__WORK INSTRUCTION__:
Your task is to restate word for word the lines in the material below, from the one with "Rug Culture Classic" up to and including the one with "What Does It Mean To Dream Of Fried Fish?". Do not carry over the pictures.

(MATERIAL PROVIDED begins)

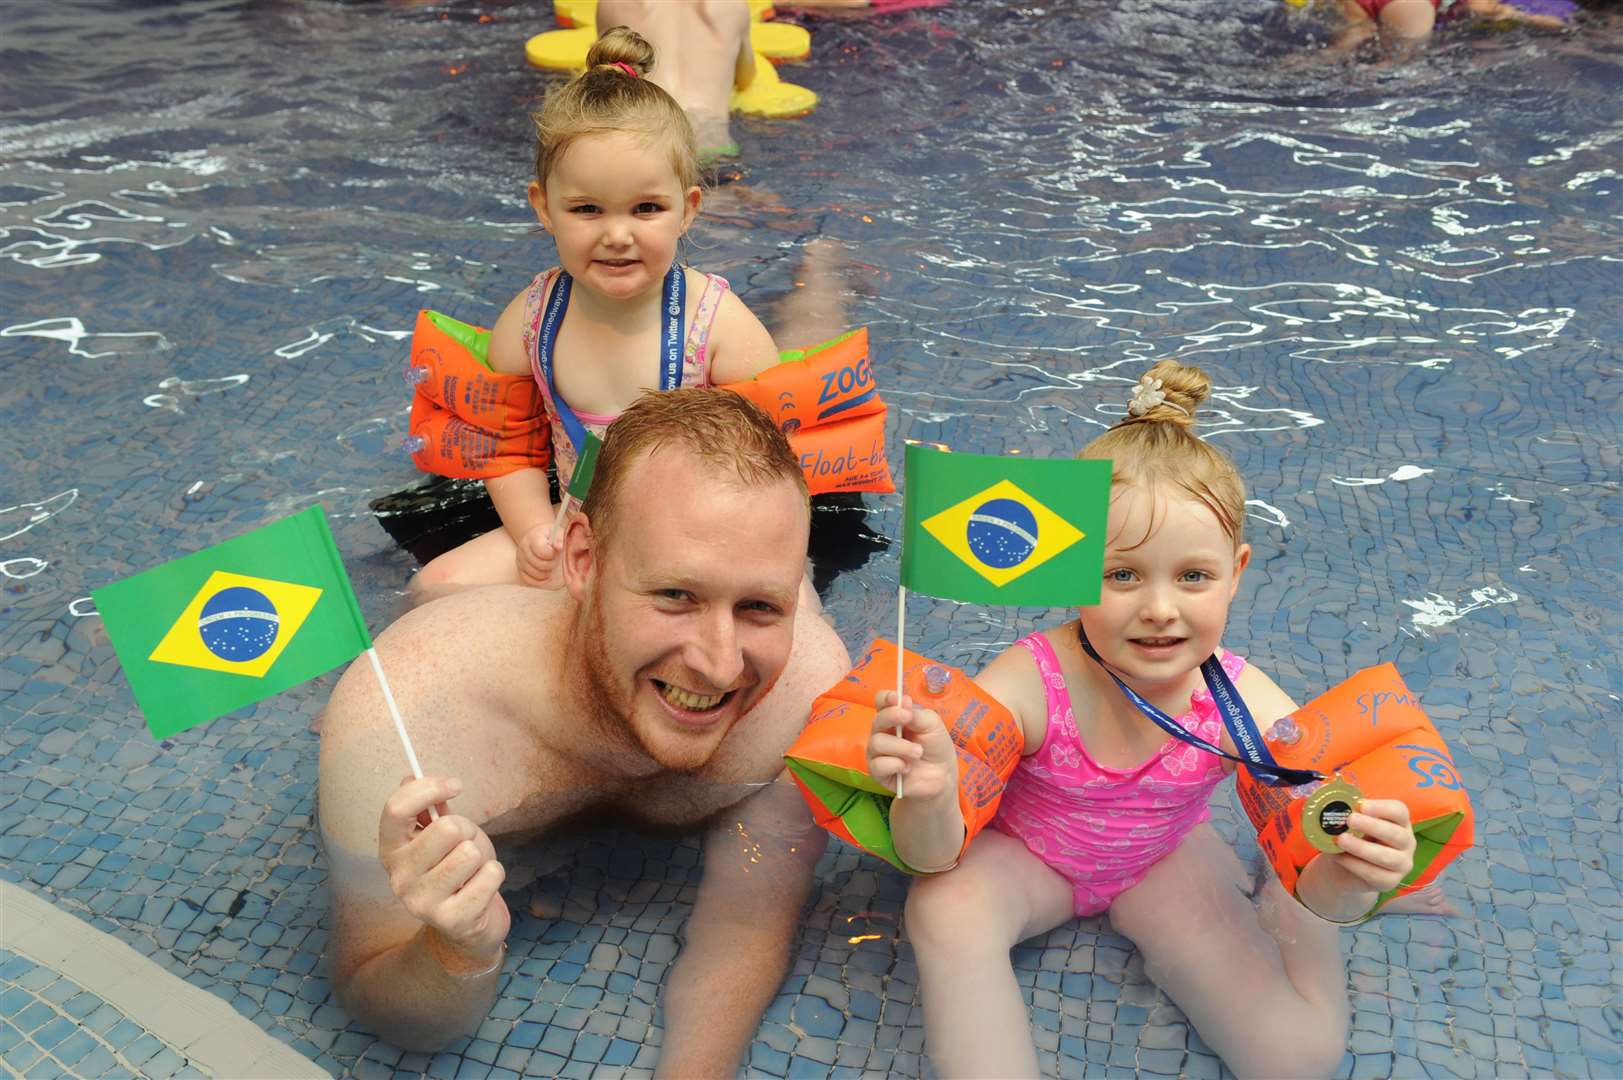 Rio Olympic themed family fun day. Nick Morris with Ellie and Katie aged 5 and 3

(MATERIAL PROVIDED ends)
(MATERIAL PROVIDED begins)

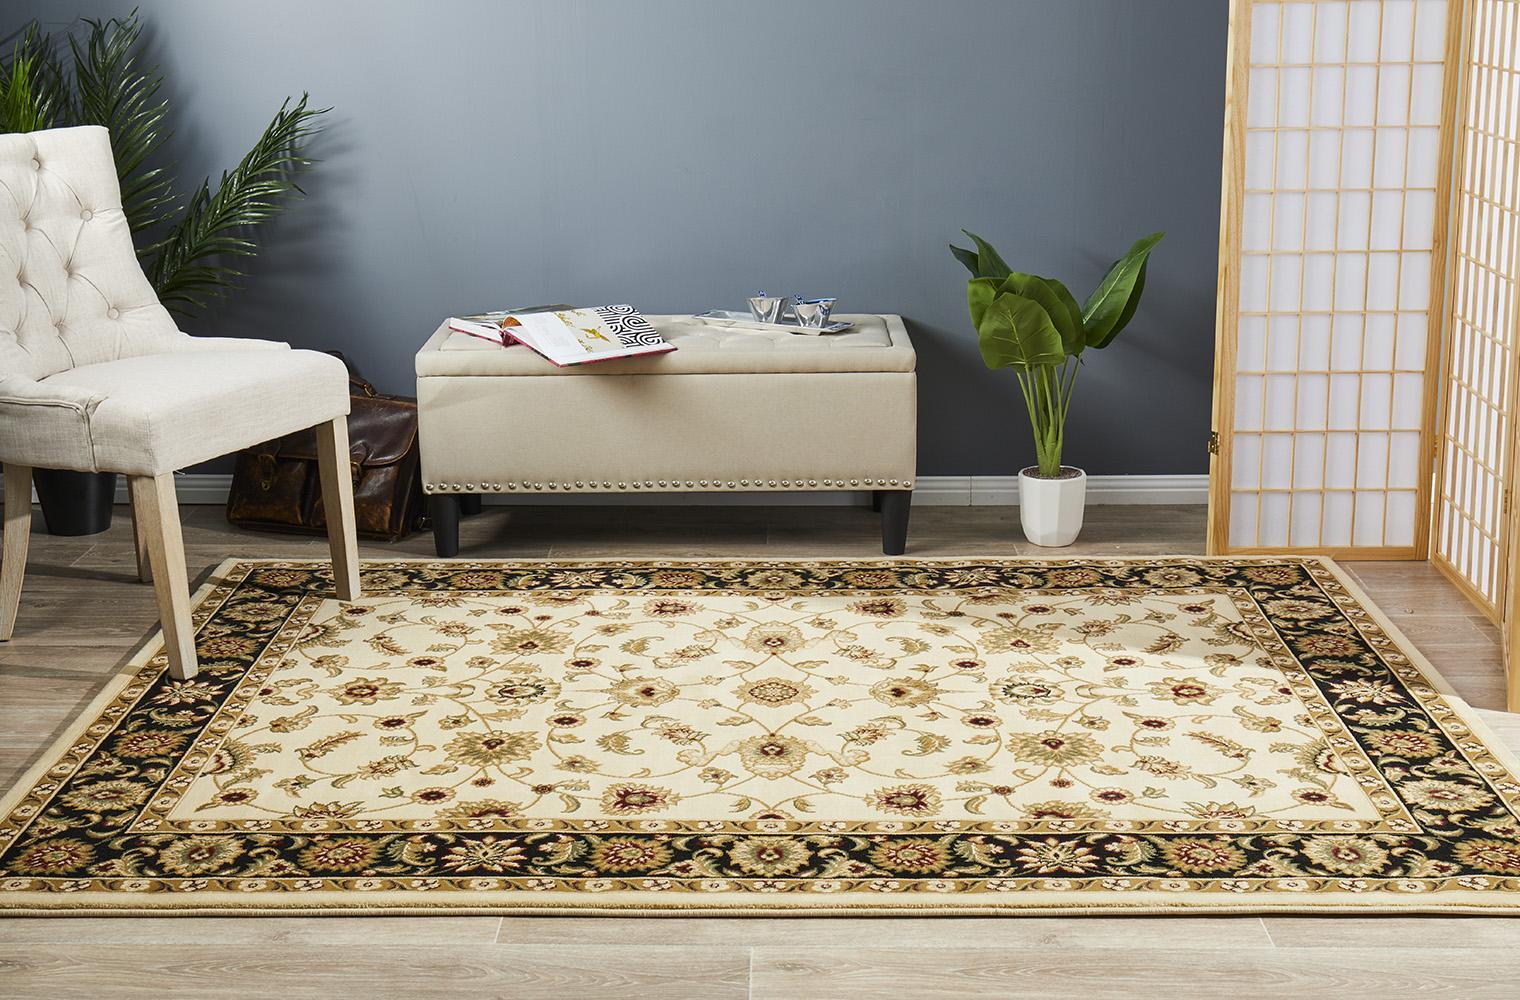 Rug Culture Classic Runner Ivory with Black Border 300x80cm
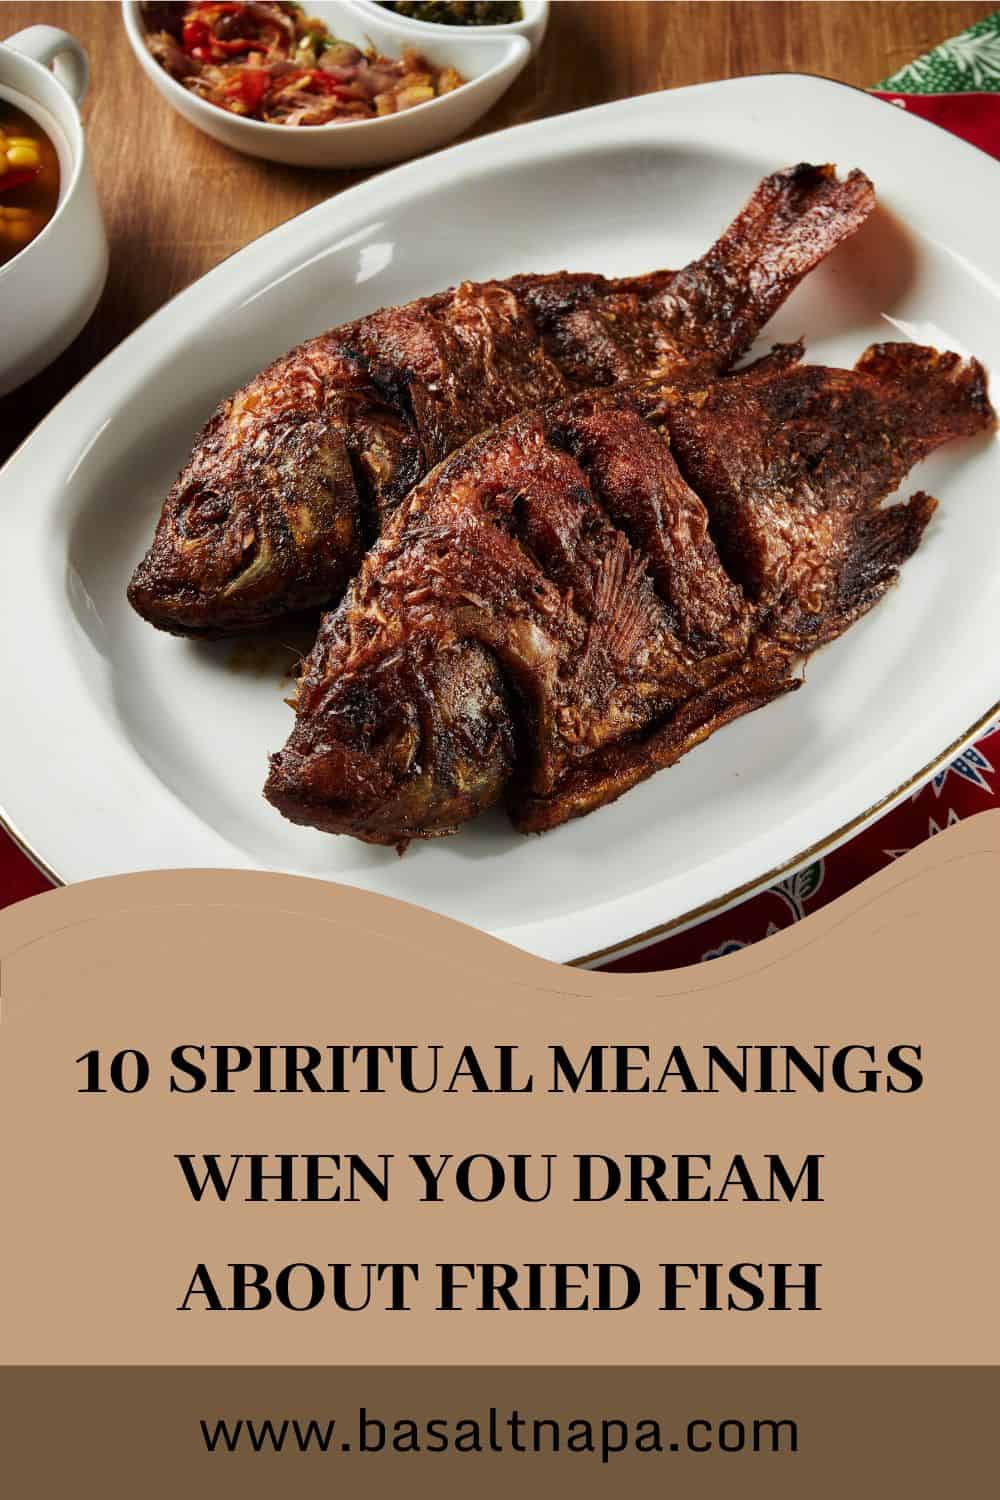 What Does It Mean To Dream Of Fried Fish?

(MATERIAL PROVIDED ends)

__WRITTEN ANSWER__:
 Rug Culture Classic Runner Ivory with Black Border 300x80cm
 What Does It Mean To Dream Of Fried Fish?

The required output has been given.